▶ _DIRECTIONS FOR THIS TASK_: From the material below, copy exactly the lines beginning with the one that contains "Fortela T-shirt - _white" and ending with the one that contains "Strafrecht der Deutschen"; the pictures stay out.

▶ _EXERCISE MATERIALS_:
[Start of section]
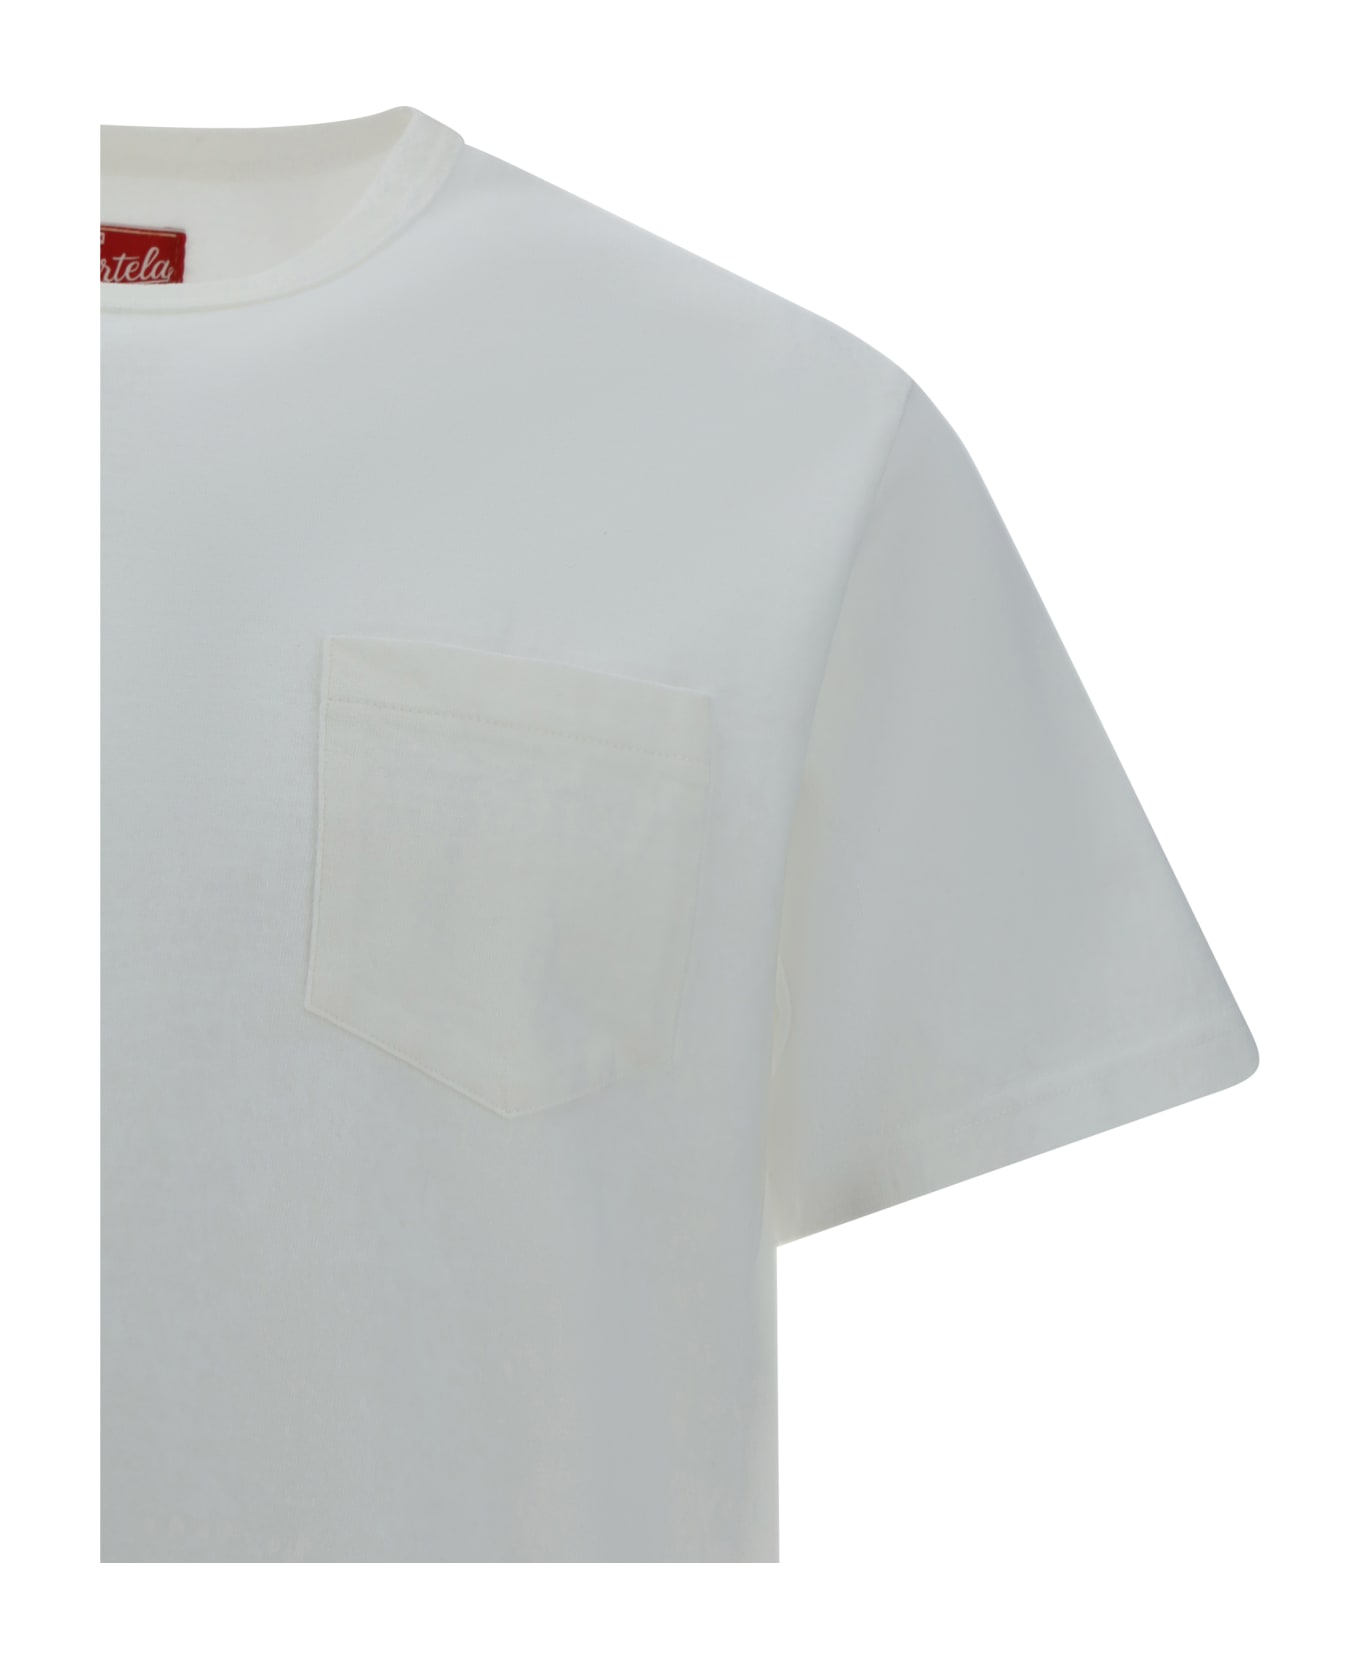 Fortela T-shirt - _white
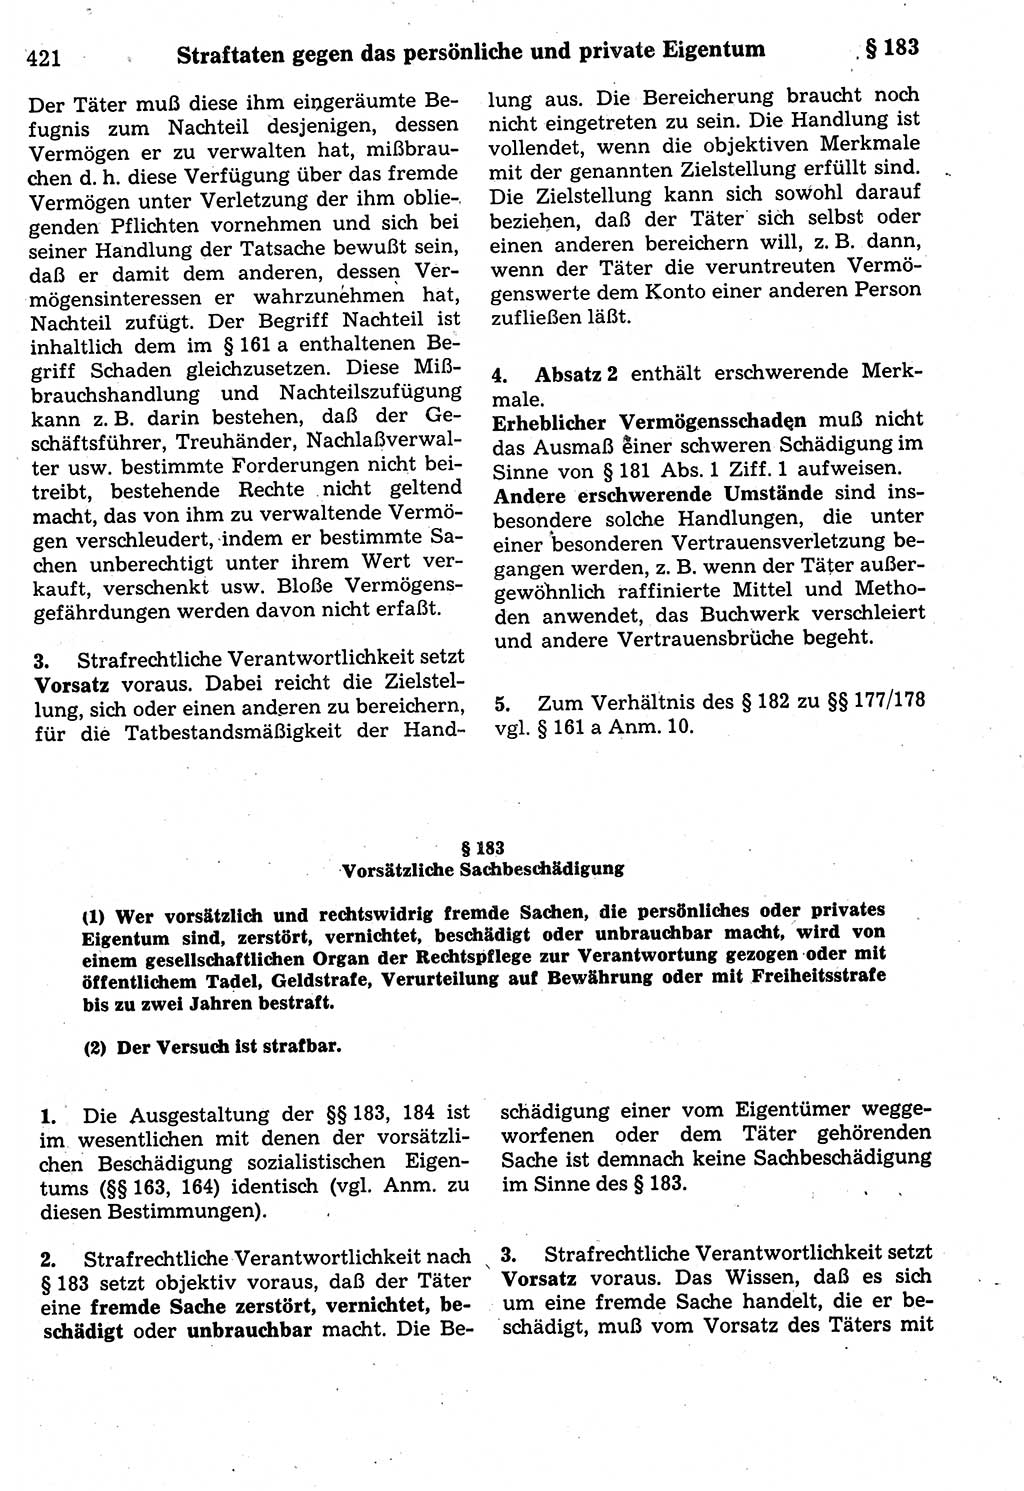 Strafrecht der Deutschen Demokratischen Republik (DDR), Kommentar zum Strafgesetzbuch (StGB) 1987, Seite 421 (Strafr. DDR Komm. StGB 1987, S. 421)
[End of section]
[Start of section]
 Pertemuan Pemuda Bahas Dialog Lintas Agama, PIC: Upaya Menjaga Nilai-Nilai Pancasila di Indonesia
[End of section]
▶ _RESULT OF THIS TASK_:
 Fortela T-shirt - _white
 Strafrecht der Deutschen Demokratischen Republik (DDR), Kommentar zum Strafgesetzbuch (StGB) 1987, Seite 421 (Strafr. DDR Komm. StGB 1987, S. 421)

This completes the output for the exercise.